Problem requirements: Starting with the line with "I just got assigned" in the entries below and going on through the line with "#HeavyMetal #music #concertphotography", output every line exactly and nothing more. No pictures.

Data shown:
------

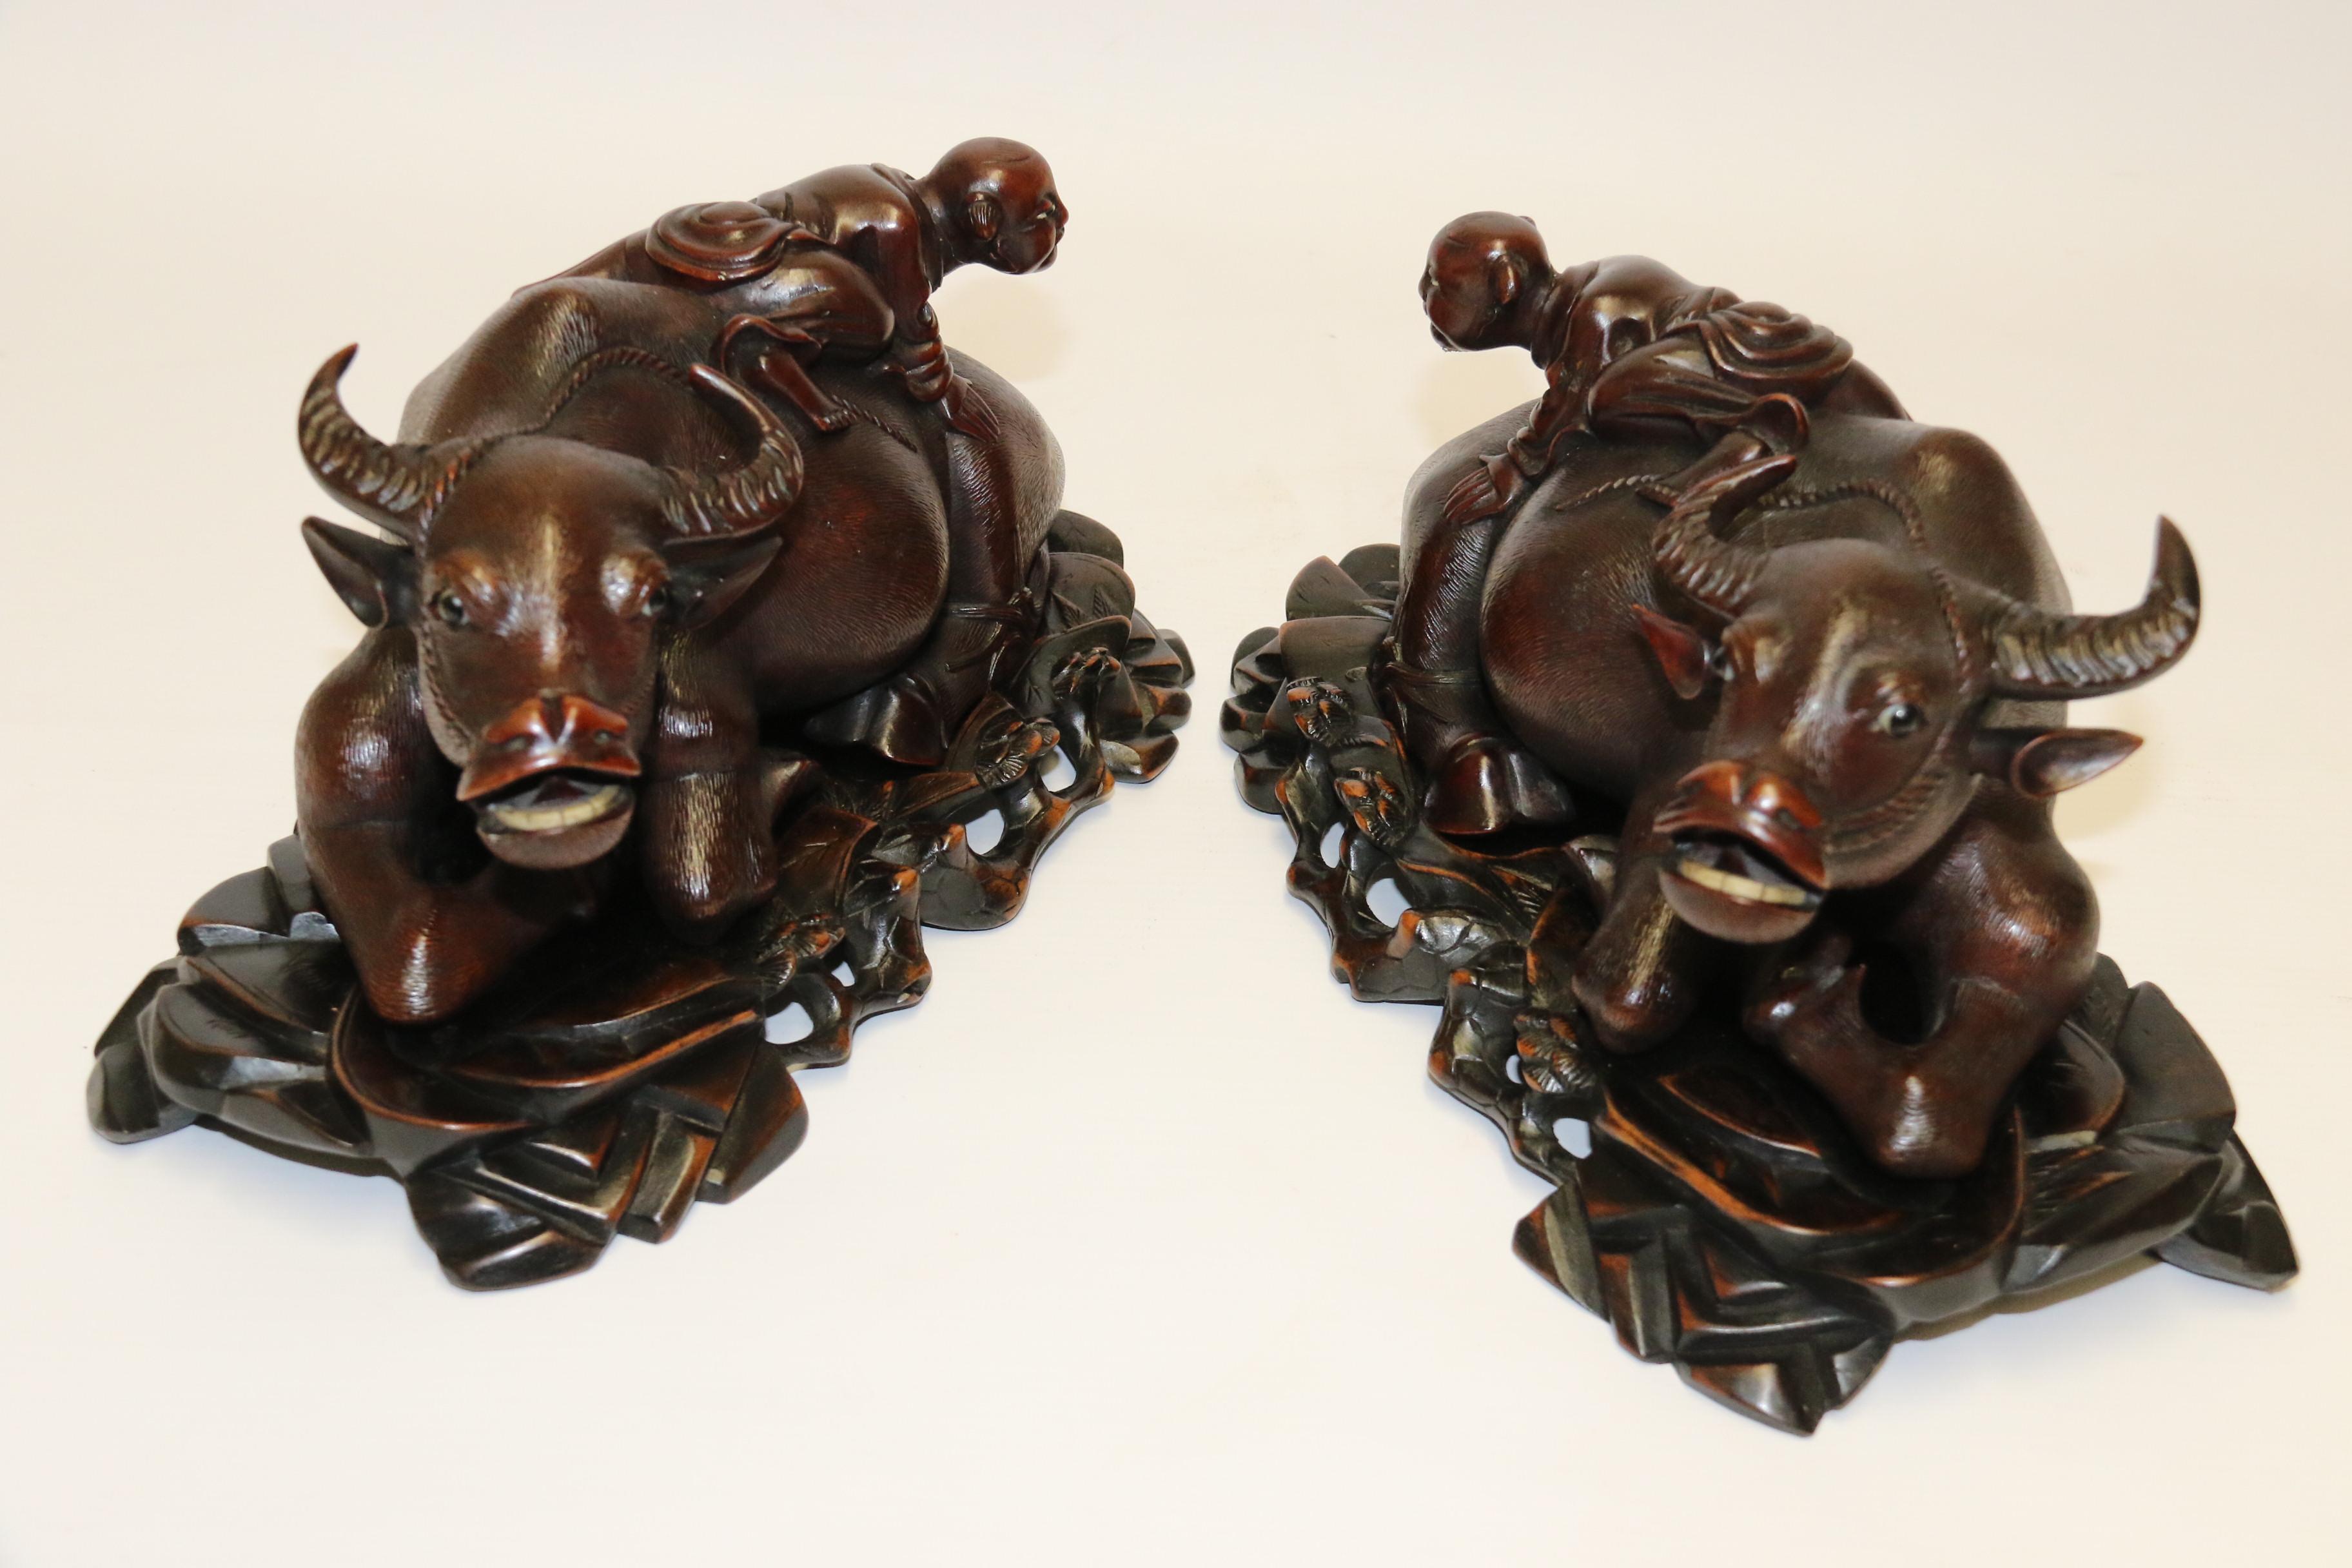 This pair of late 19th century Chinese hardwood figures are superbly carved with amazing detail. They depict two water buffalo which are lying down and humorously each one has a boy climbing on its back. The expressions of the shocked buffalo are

------

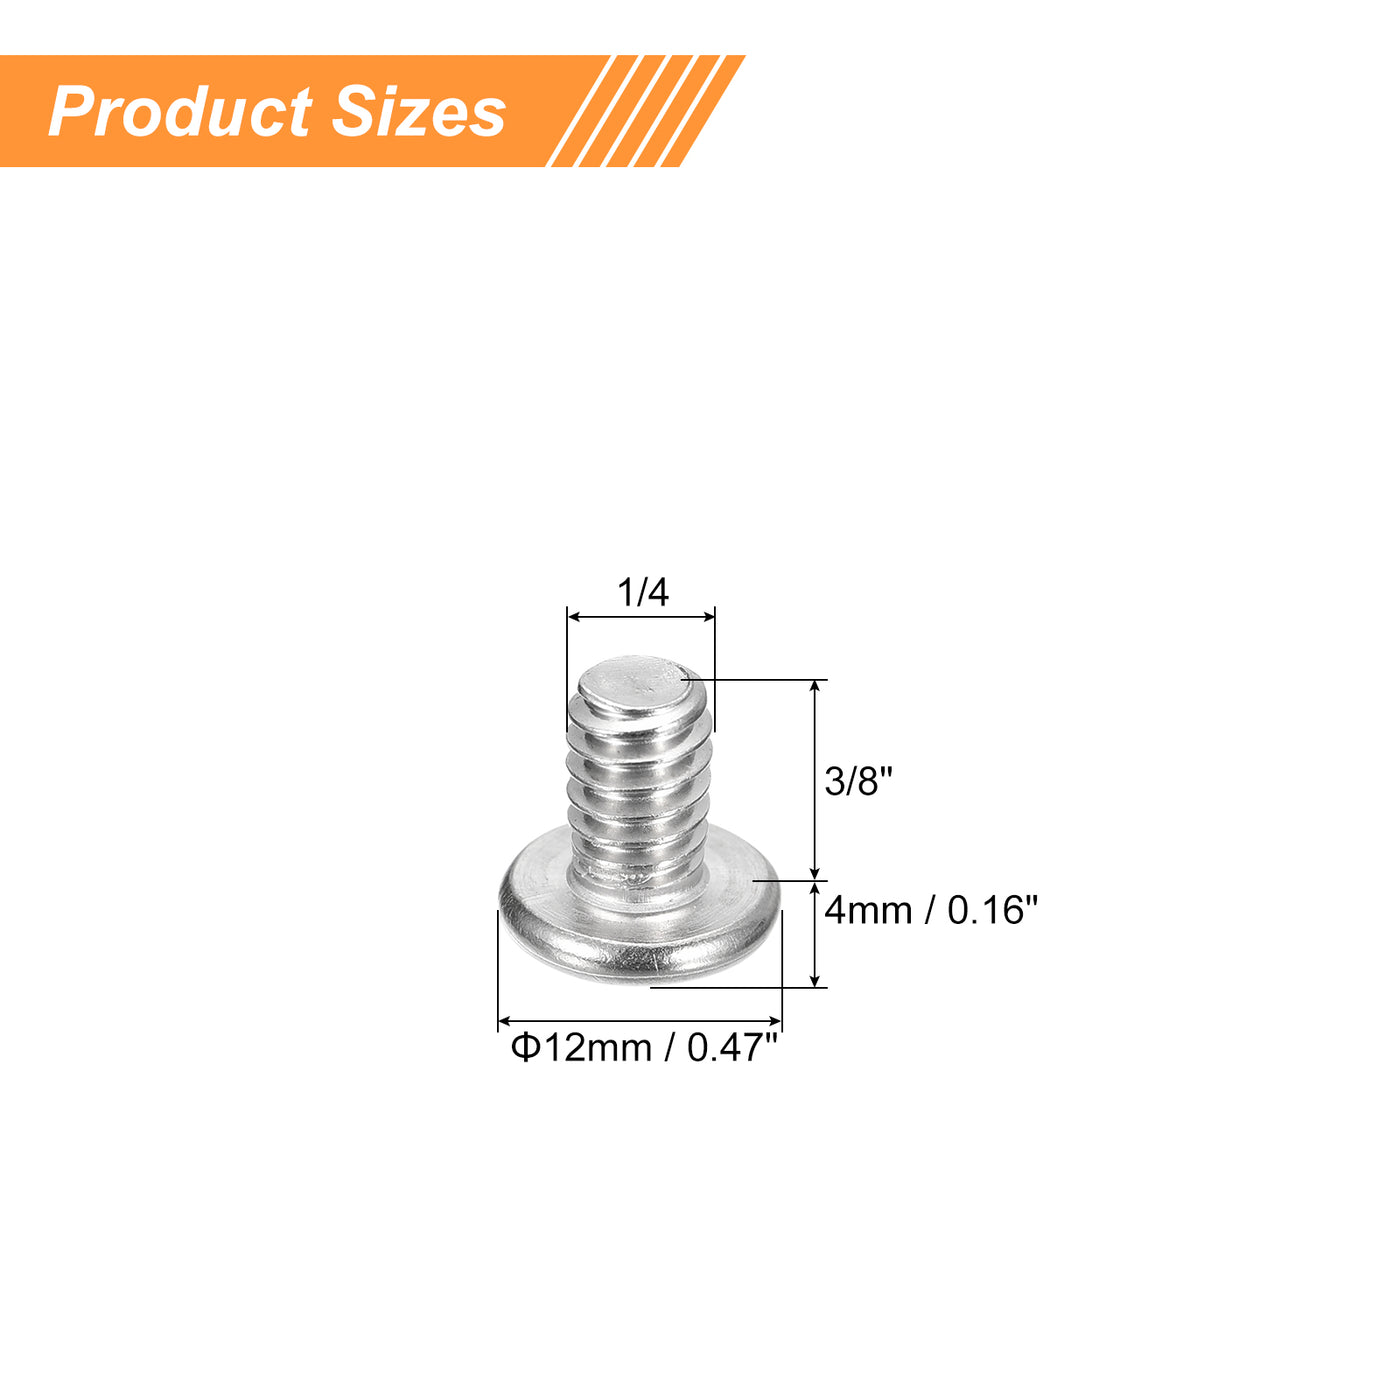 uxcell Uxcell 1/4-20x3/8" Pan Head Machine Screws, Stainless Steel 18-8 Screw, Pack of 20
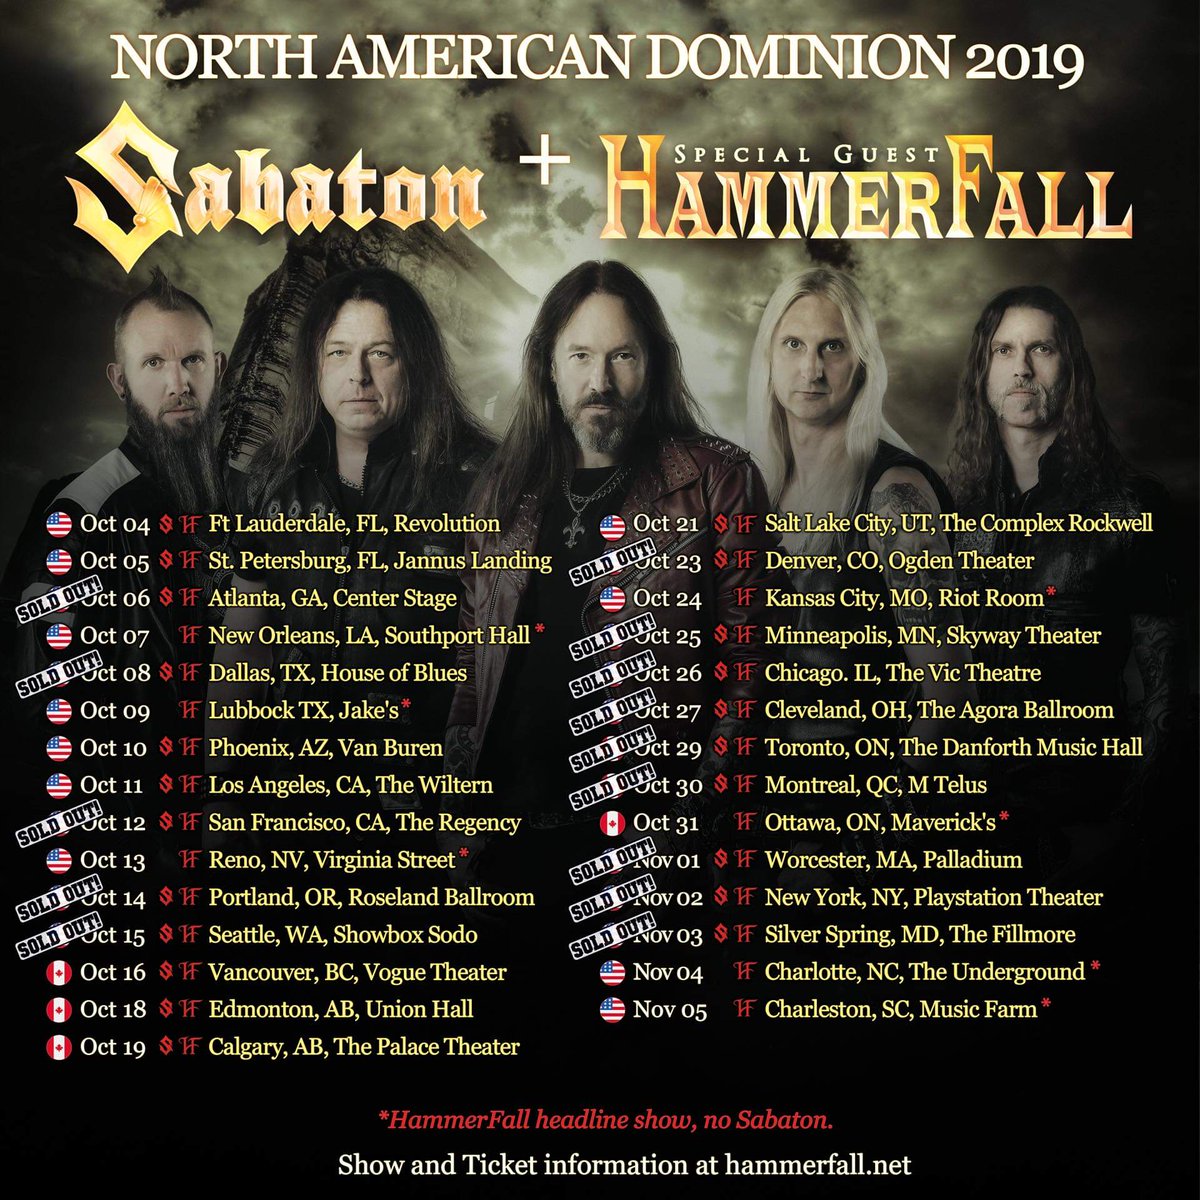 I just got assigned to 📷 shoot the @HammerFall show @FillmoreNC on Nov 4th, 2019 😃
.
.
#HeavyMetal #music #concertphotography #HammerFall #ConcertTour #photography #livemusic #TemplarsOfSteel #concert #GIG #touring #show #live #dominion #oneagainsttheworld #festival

------

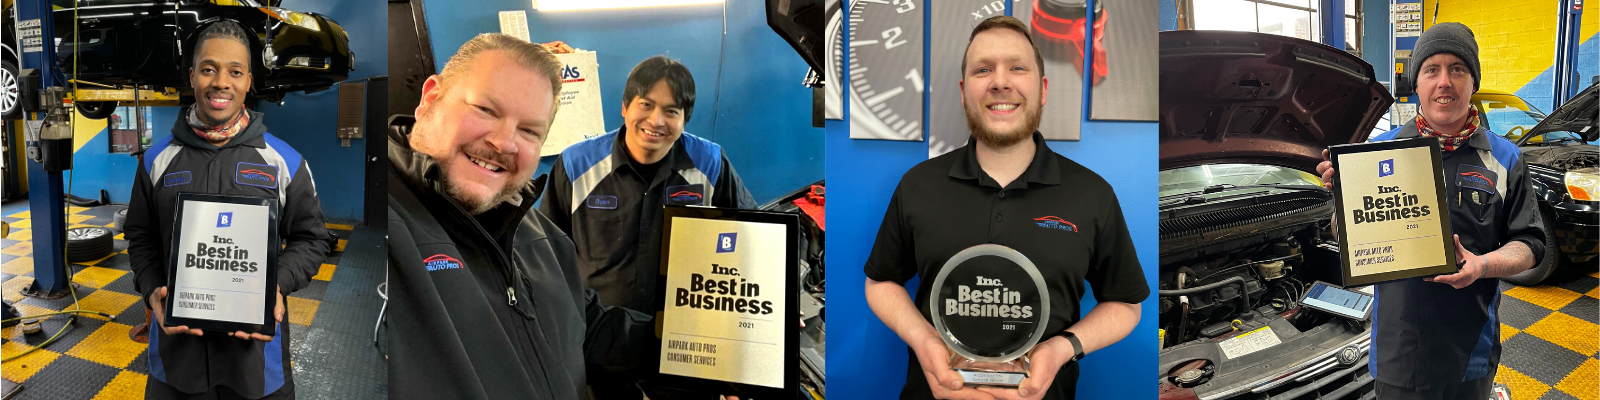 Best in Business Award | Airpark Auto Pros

------

Reply to the task:
 I just got assigned to 📷 shoot the @HammerFall show @FillmoreNC on Nov 4th, 2019 😃
.
.
#HeavyMetal #music #concertphotography #HammerFall #ConcertTour #photography #livemusic #TemplarsOfSteel #concert #GIG #touring #show #live #dominion #oneagainsttheworld #festival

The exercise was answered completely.